Nel frattempo, seguirò con attenzione le mosse del Ministero, ovvero del legislatore, come da qualche parte si sta ipotizzando; mosse non agevoli ed in grado di aprire un gran vaso di Pandora, ove mai si avesse a dover invocare la nullità delle clausole (1229 c.c.? qui applicabile ???), ovvero ove il legislatore stesso fosse indotto ad intervenire su tali presupposti e (pur) in presenza delle puntualizzazioni della convenzione.

Ipotizzo, per vero, che alla fine, anche a giudizi nel caso attivati, si rinverrà un compromesso e si redigerà un  nuovo atto convenzionale che vedrà le parti rinunciare a tutti i giudizi pendenti e ad ogni diritto ad essi connessi, come, anche qui da copione consolidato (cfr. articolo 38 dell’atto convenzionale in commento e cfr. l’articolo finale di ogni atto aggiuntivo a concessioni intervenuto nell’universo giuridico a definire in via stragiudiziale vertenze in corso).

L’augurio è che questo atto non sia a sua volta sbilanciato.

Troppe volte nella mia vita, nelle mie diverse vite professionali, ho dovuto amaramente constatare che molti di questi atti stragiudiziali si risolvevano in ulteriori elargizioni a favore del privato, che peraltro, con un occhio rivolto all’avvenire, aveva rivendicato dal concessionario, dallo Stato, in generale, la debenza di somme pacificamente (sempre a mio avviso, ben si intende) non dovute e che difficilmente sarebbero state riconosciute in giudizio nella loro rivendicata entità, per poi, in sede transattiva, rinunciarne ad una parte ... non spettante … in cambio di altre concessioni (prolungamento delle concessioni, a dispetto della normativa comunitaria et similia).

Ma è chiaro che ognuno persegue il suo interesse ed agisce in vista di esso e, purché si tenga nei confini del lecito, ben può farlo.

E questo mi conduce ad una più generale considerazione.

Fiumi di inchiostro sono stati versati nel tempo sulle concessioni, a favore o contro di esse.

A mio avviso lo strumento in sé non è “disdicevole”; lo Stato non può fare tutto e bene.

Quindi nessun niet da parte mia allo strumento, ma un niet netto e forte alla retorica (soprattutto italica) secondo la quale concedente, lo Stato lato sensu, e concessionario perseguono interessi comuni, in vista della tutela del bene pubblico.

Non è così, né potrebbe esserlo; il privato persegue il suo di interesse, quanto meno in via prioritaria.
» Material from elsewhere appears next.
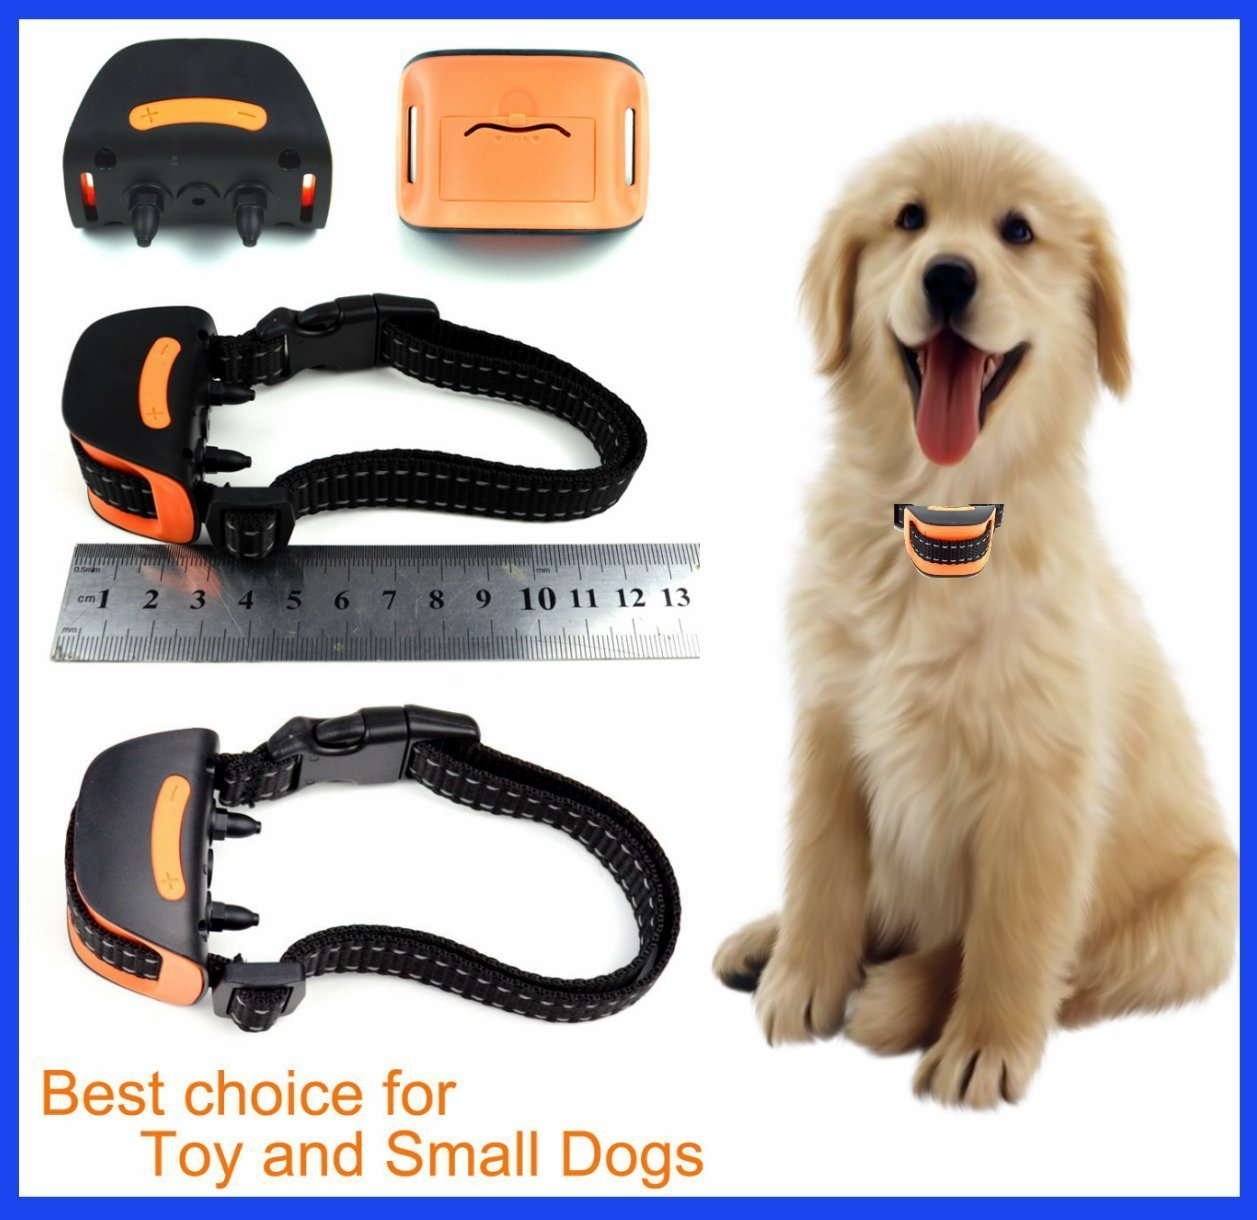 DogTech Mini 665V Vibration No Hurt Bark Dog Collar Extra Small Toy Dogs 4lbs to 14lbs Bark Training Solution 2019 Best Anti Bark Collar 100% Lifetime Product Warranty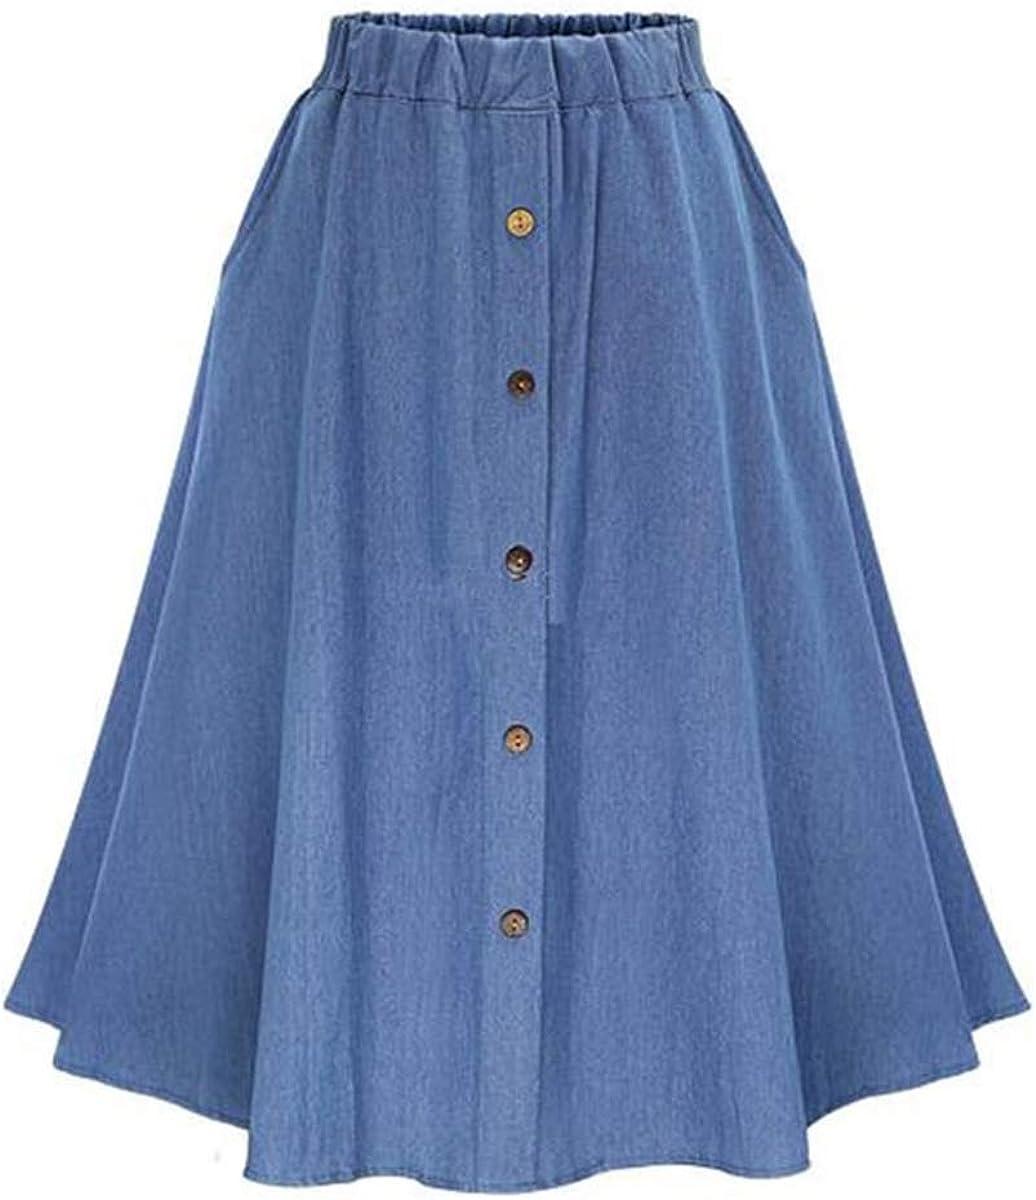 MakeMeChic Women's Casual Ruffle Hem Stretchy Waist Drawstring Maxi Flared A Line Skirt

E così avviene anche in altri settori, quali ad esempio la sanità, ove il privato accreditato non è un buon samaritano, da ringraziare con lauti doni per adiuvare Stato, Regioni, Comuni nei loro compiti, ma appunto un privato che esplica attività di impresa e che ha diritto ai giusti corrispettivi, nè più né meno.

Né e a dire che una forte compartecipazione nella gestione della concessione (o delle convenzioni di accreditamento in sanità), sub specie di vigilanza puntuale e rigorosa da parte dello Stato, sia cosa buona e degna.

La mia personale esperienza dice che non è cosi.

In una delle mie precedenti vite professionali ho lavorato presso il Commissariato straordinario alla ricostruzione post terremoto di Napoli ex lege 219 del 1980.

Spinto dalle migliori intenzioni, snellimento, uniformità ed acceleramento delle procedure, il coacervo provvedimentale/convenzionale aveva previsto che i singoli concessionari potessero chiedere ed ottenere direttive dall’amministrazione straordinaria su questioni a  natura generale e/o di interesse comune alla generalità dei concessionari.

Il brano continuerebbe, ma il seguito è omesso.